Creating a Design Space¶
from phased_array_systems.trades import DesignSpace
space = DesignSpace(name="My Trade Study")
# Add variables using fluent interface
space = (
DesignSpace(name="Array Trade Study")
.add_variable("array.nx", type="int", low=4, high=16)
.add_variable("array.ny", type="int", low=4, high=16)
.add_variable("rf.tx_power_w_per_elem", type="float", low=0.5, high=3.0)
.add_variable("array.geometry", type="categorical", values=["rectangular"])
)
Variable Types¶
| Type | Parameters | Description |
|---|---|---|
int |
low, high |
Discrete integers |
float |
low, high |
Continuous values |
categorical |
values |
Enumerated options |
Fixed Parameters¶
Set low=high to fix a parameter:
Or use categorical with single value:
Complete Design Space Example¶
space = (
DesignSpace(name="Comms Array Trade")
# Variable parameters
.add_variable("array.nx", type="categorical", values=[4, 8, 16])
.add_variable("array.ny", type="categorical", values=[4, 8, 16])
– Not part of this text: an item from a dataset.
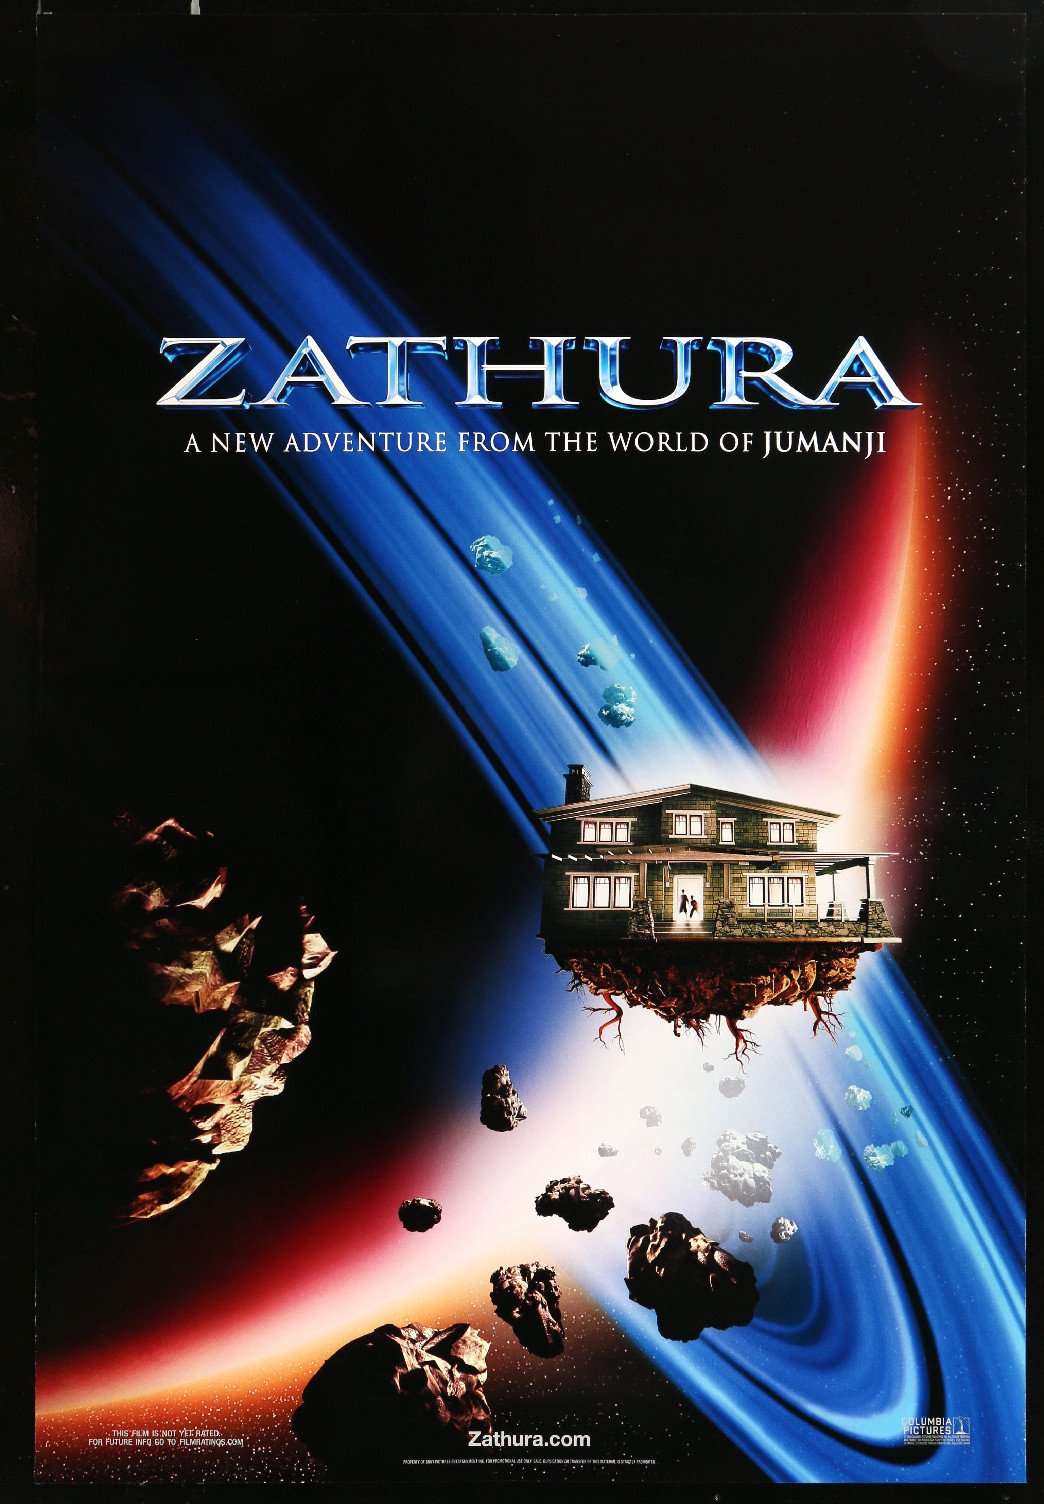 Zathura: A Space Adventure (2005) original movie poster for sale at Original Film Art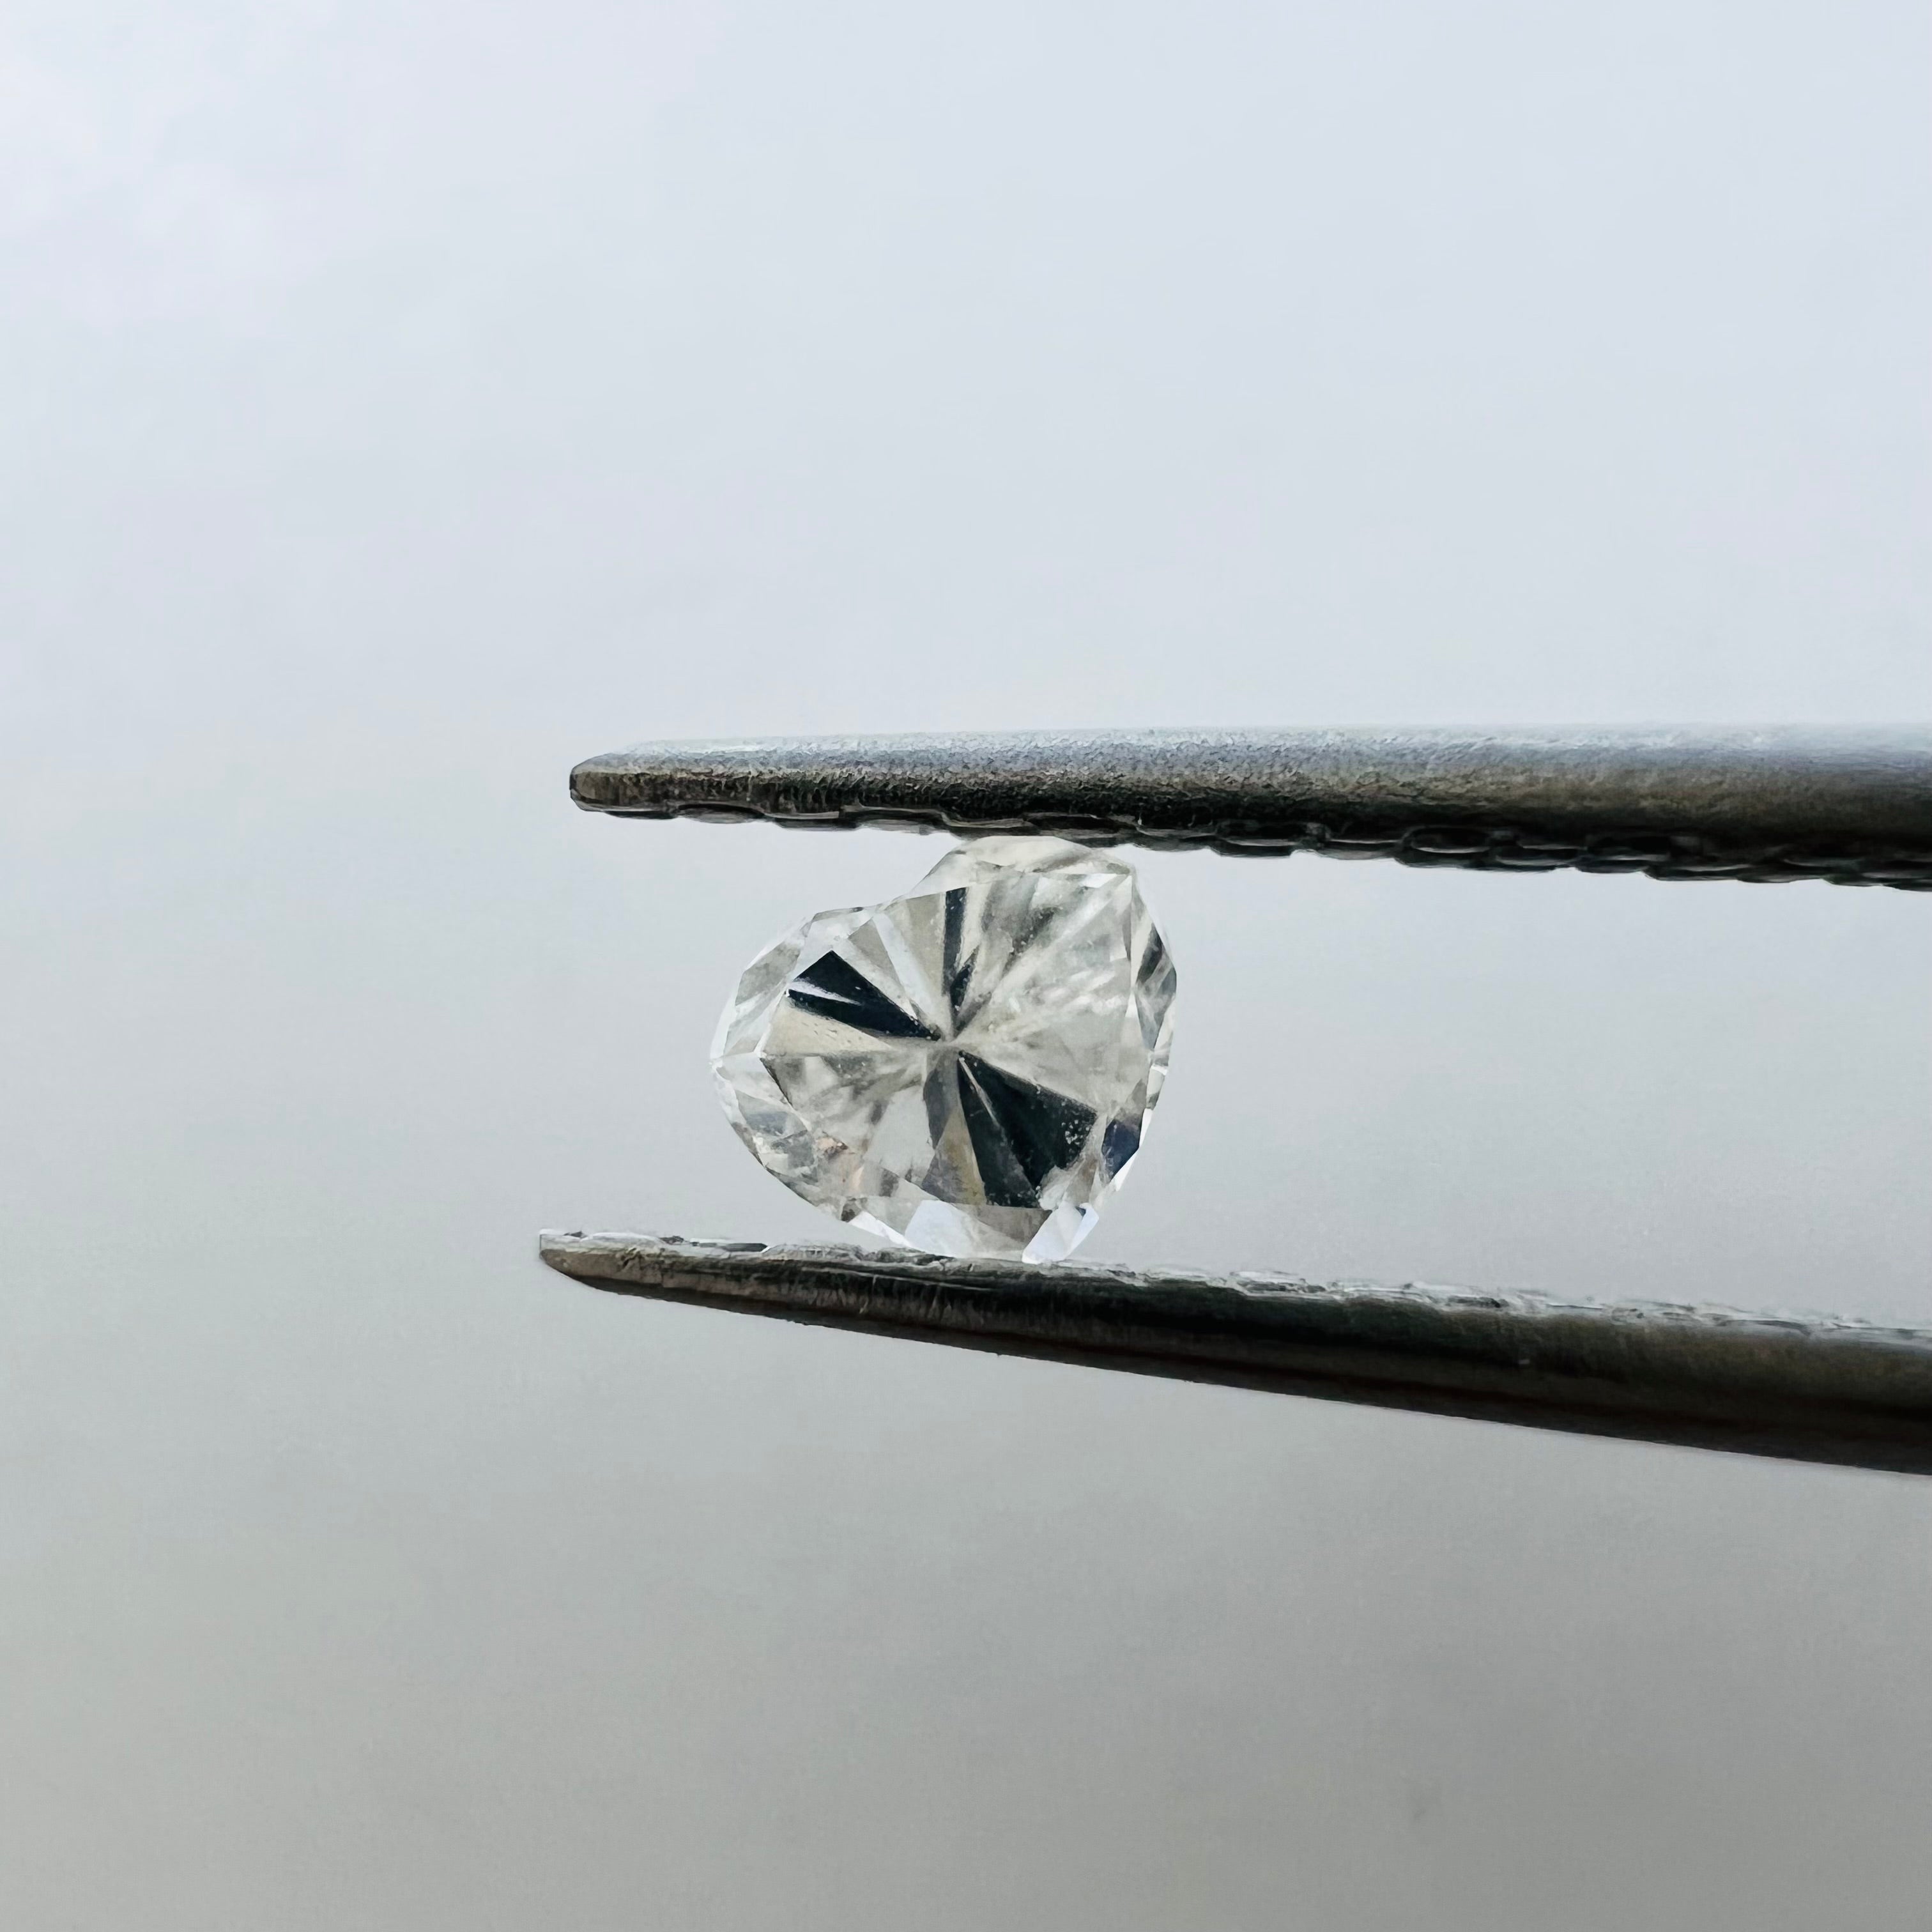 .12CT Heart Shape Diamond I VS2 3.04x3.48x2.00mm Natural Earth mined

.add_variable("rf.tx_power_w_per_elem", type="float", low=0.5, high=3.0)
.add_variable("rf.pa_efficiency", type="float", low=0.2, high=0.5)
.add_variable("cost.cost_per_elem_usd", type="float", low=75.0, high=150.0)
# Fixed parameters
.add_variable("array.geometry", type="categorical", values=["rectangular"])
.add_variable("array.dx_lambda", type="float", low=0.5, high=0.5)
.add_variable("array.dy_lambda", type="float", low=0.5, high=0.5)
.add_variable("array.enforce_subarray_constraint", type="categorical", values=[True])
.add_variable("rf.noise_figure_db", type="float", low=3.0, high=3.0)
.add_variable("rf.feed_loss_db", type="float", low=1.0, high=1.0)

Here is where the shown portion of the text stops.